Some mining entities that are still viable have been placed under care and maintenance because the investors operating them seemingly do not want to invest in technologies that promote new mining methods and the same firms are now threatening to shed off labour.
The miners’ union will not support any mining firm planning to shed off its labour in addition to what they already laid off in 2015.
The MUZ leader also appealed to Mr Yaluma to do something about the alleged failure by some mines to pay contractors and other statutory obligations because their conduct is depriving local, small and medium entrepreneurs an opportunity to make money.
Mr Chishimba is of the view that Government should also compel CNMC Luanshya Mine to present its future plan for Baluba Mine because it cannot be kept under care and maintenance forever.
He said Non-Ferrous Corporation Africa (NFCA) Chambishi Mine also had its own share of problems and had resorted to placing workers on rotational leave instead of laying them off.
And Mr Yaluma said Government is committed to addressing the problems in the mining sector because it is the mainstay of Zambia’s economy.
The minister observed that the issue of Nchanga underground mine, for example, has been under discussion for a long time and that it is a well-known fact that the mining methodology that is used at the time the mine was opened cannot continue to be used even today.

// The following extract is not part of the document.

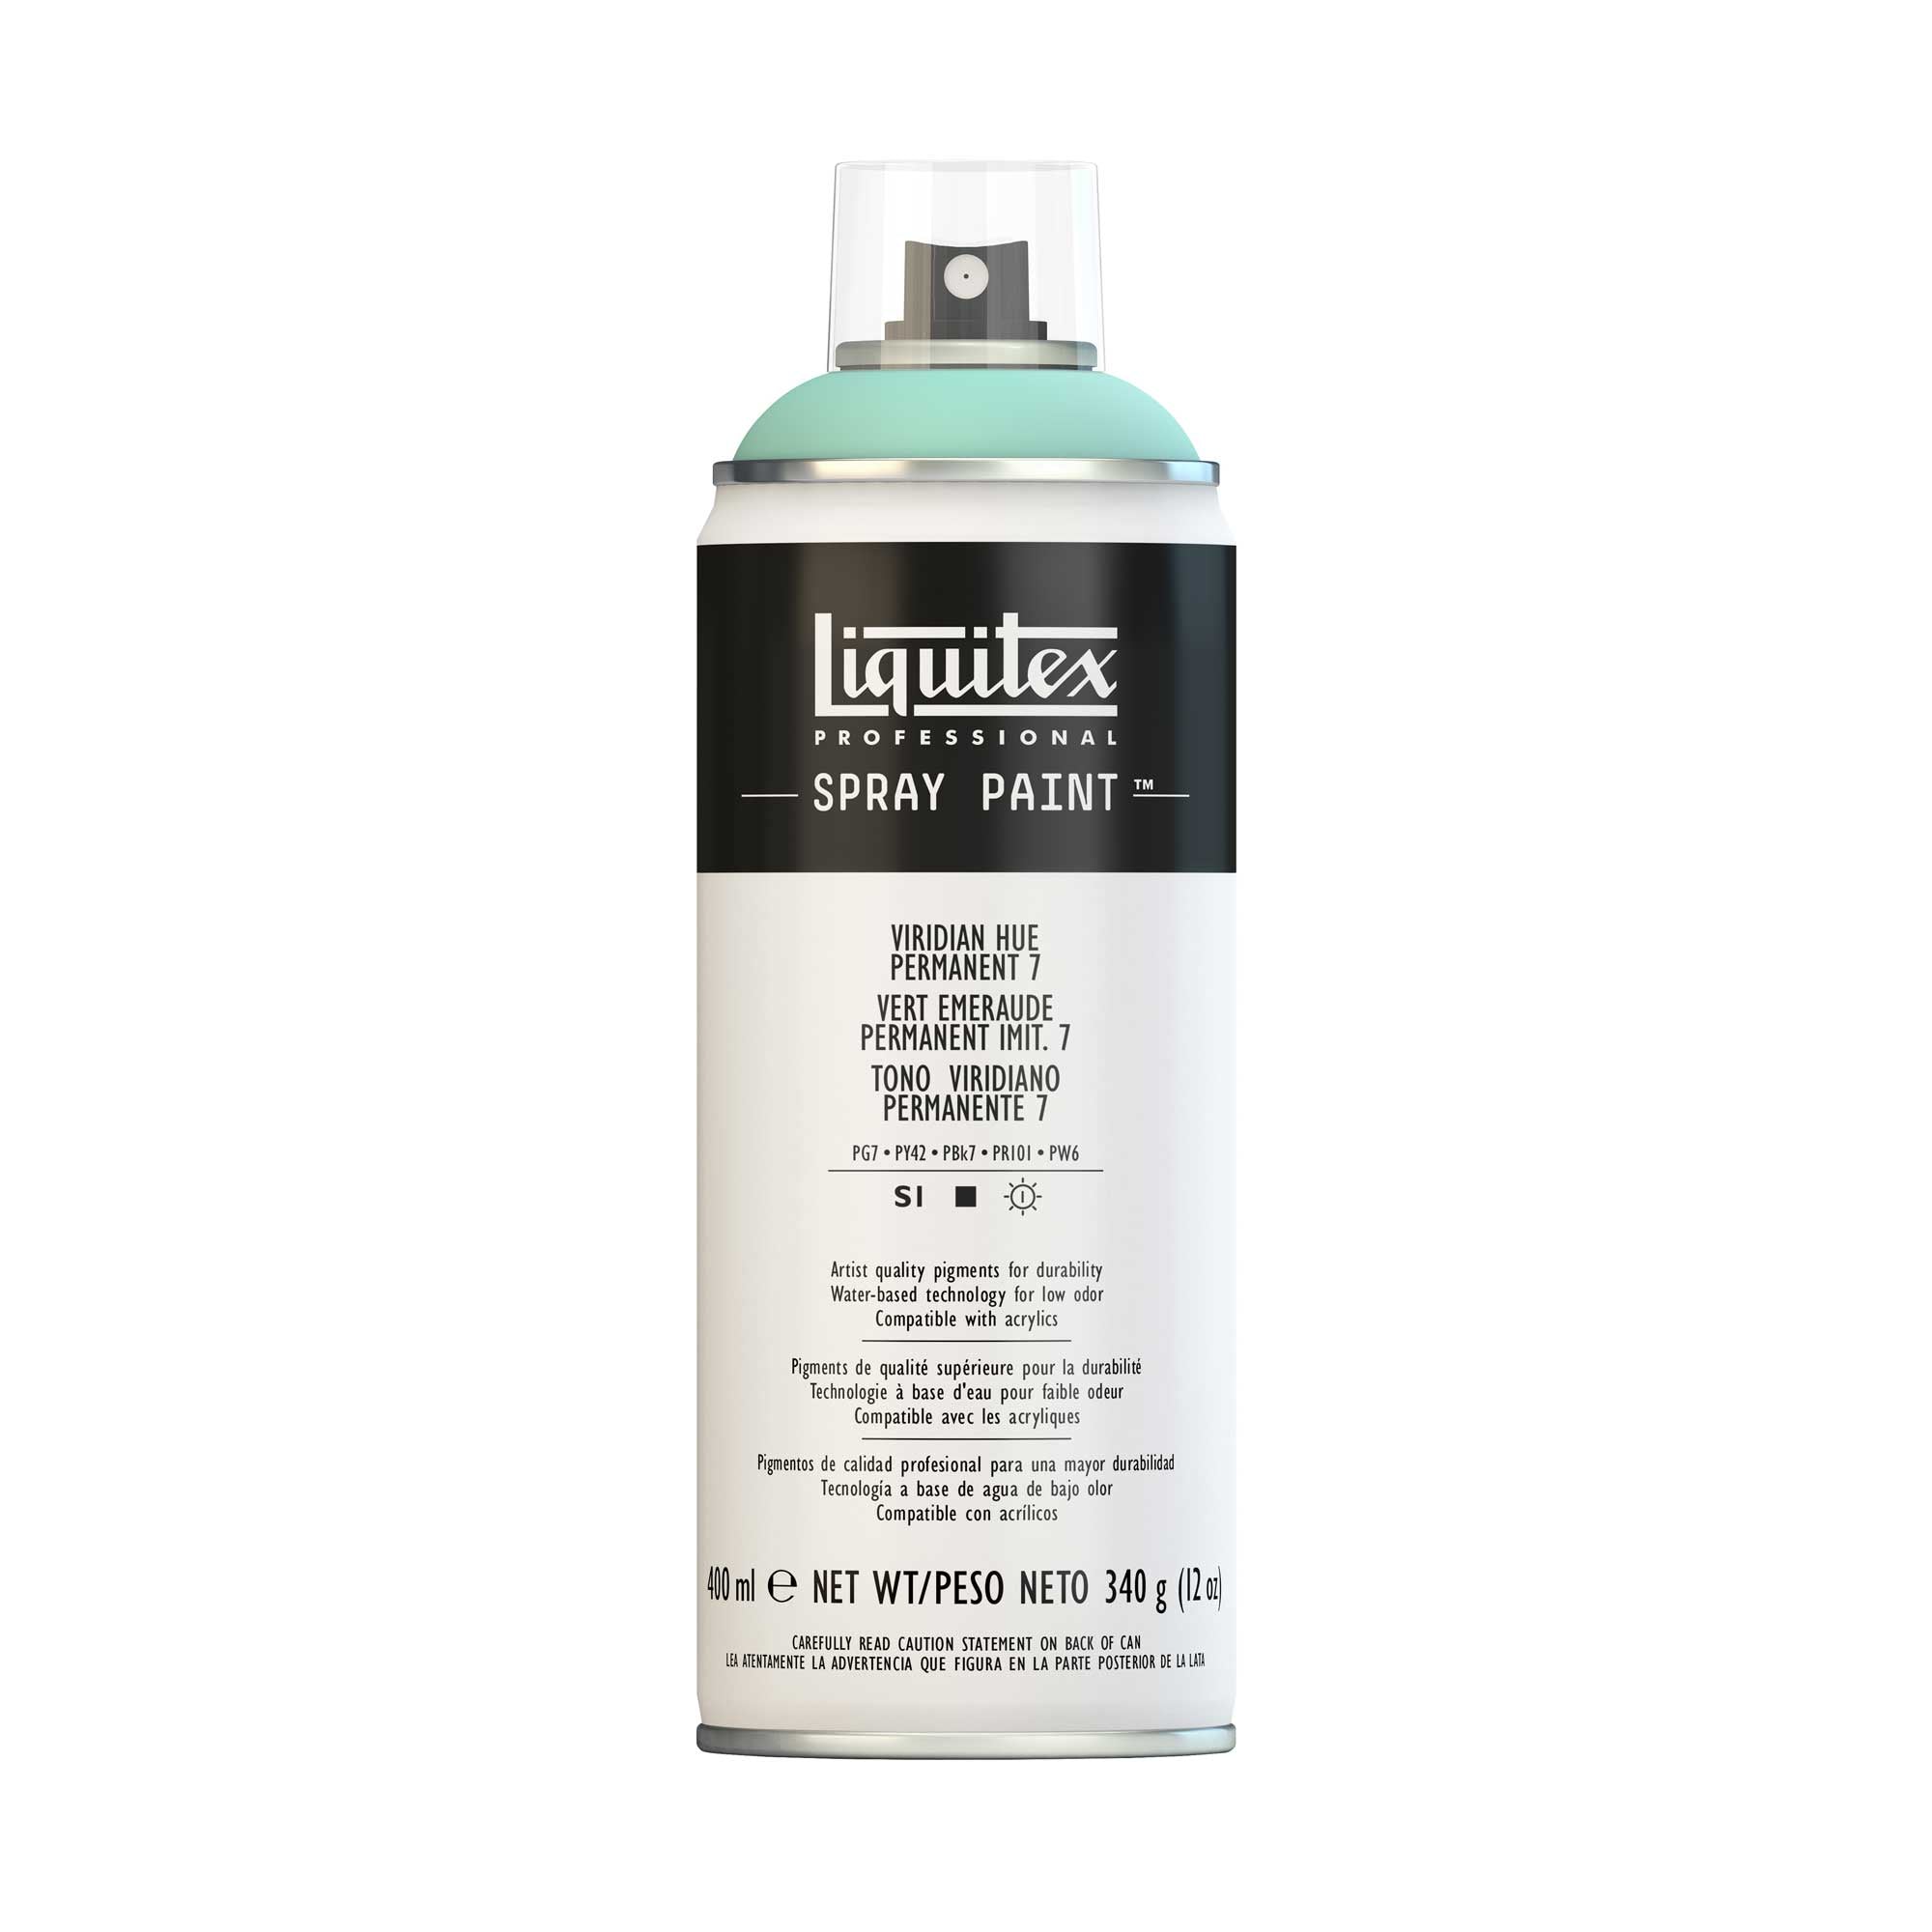 Liquitex Spray Paint 400ml SERIES 1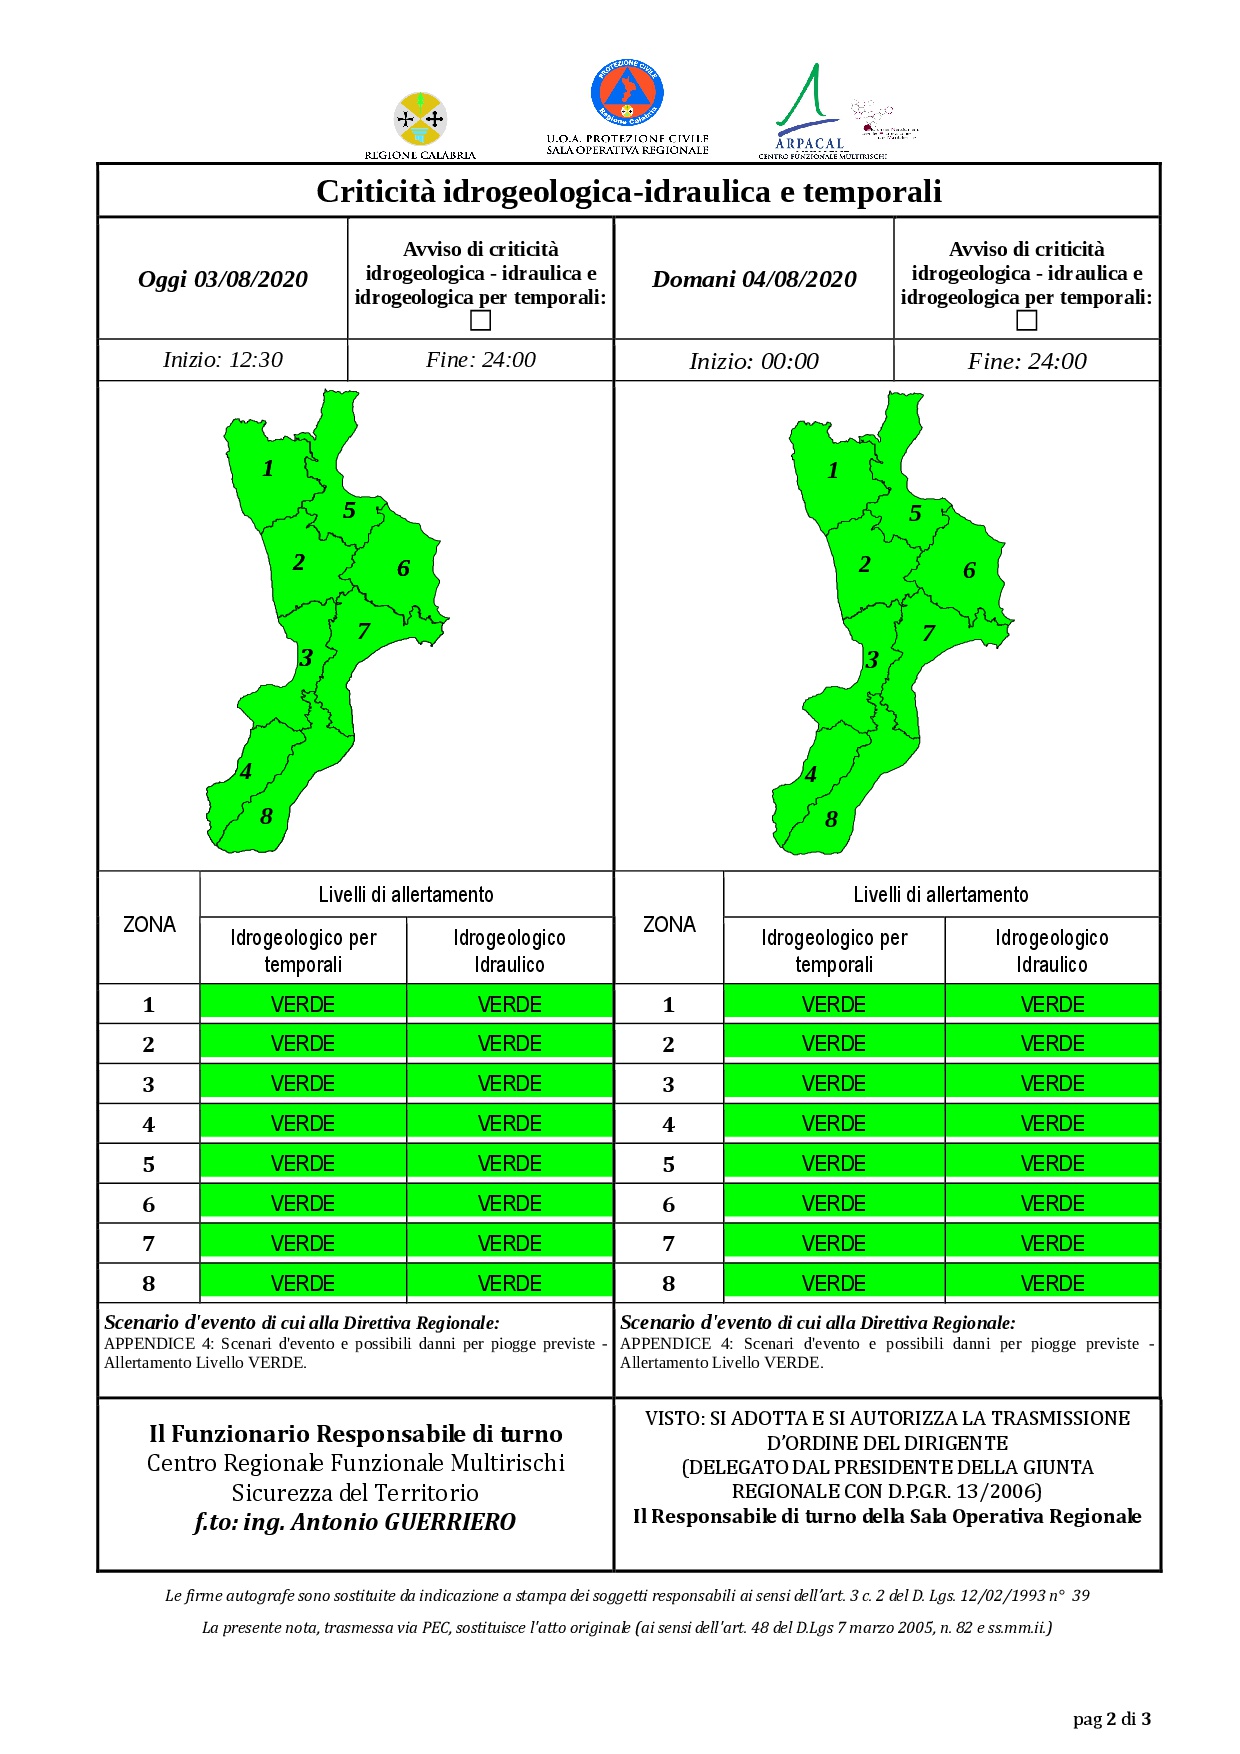 Criticità idrogeologica-idraulica e temporali in Calabria 03-08-2020

Government will not allow any unnecessary laying off of workers in the mining sector and the 2015 lay-offs were allowed as a last resort for the sake of saving the industry from total collapse.
“It made sense then and the lay-offs were done in a highly scientific manner but today, we are not going to allow anyone to shed off any labour without substantiating or justifying such an action,” he said.
He also ruled out taking over of operations at mining firms facing problems because Government does not want to inherit liabilities.
Government will instead conduct performance evaluations of non-performing mining firms to establish why they are facing problems.
The minister admitted that Government has in the past not done enough to exploit other minerals such as gemstones because they have been reaping a lot from copper proceeds.
The shockwaves experienced in the mining sector, particularly in copper mining, have been an eye-opener for Government to diversify within the mining sector by focusing on alternative minerals such as gemstones, nickel and manganese, among others.
“We should change our mind-sets and exploit each and every mineral that we have available,” Mr Yaluma said.
The minister, who also visited NFCA Chambishi Mine and Chambishi Copper Smelter, promised that Government will promote dialogue with the mining investors to overcome the various challenges in the industry.
Public Policy Institute of Zambia (PPIZ) president Febian Chewe said Government’s move to implement effective mining monitoring mechanisms and ensure stable and responsive mining tax regime will transform the sector.
Clearly, mining can never be divorced from Zambia’s economy and the Zambian people. It will remain an important part of Zambia’s social and economic mainstay for many years to come.
However, for the country to reap more benefits, there is clearly a need to diversify within the sector and also explore other economic ventures with the potential to enrich the country’s treasury.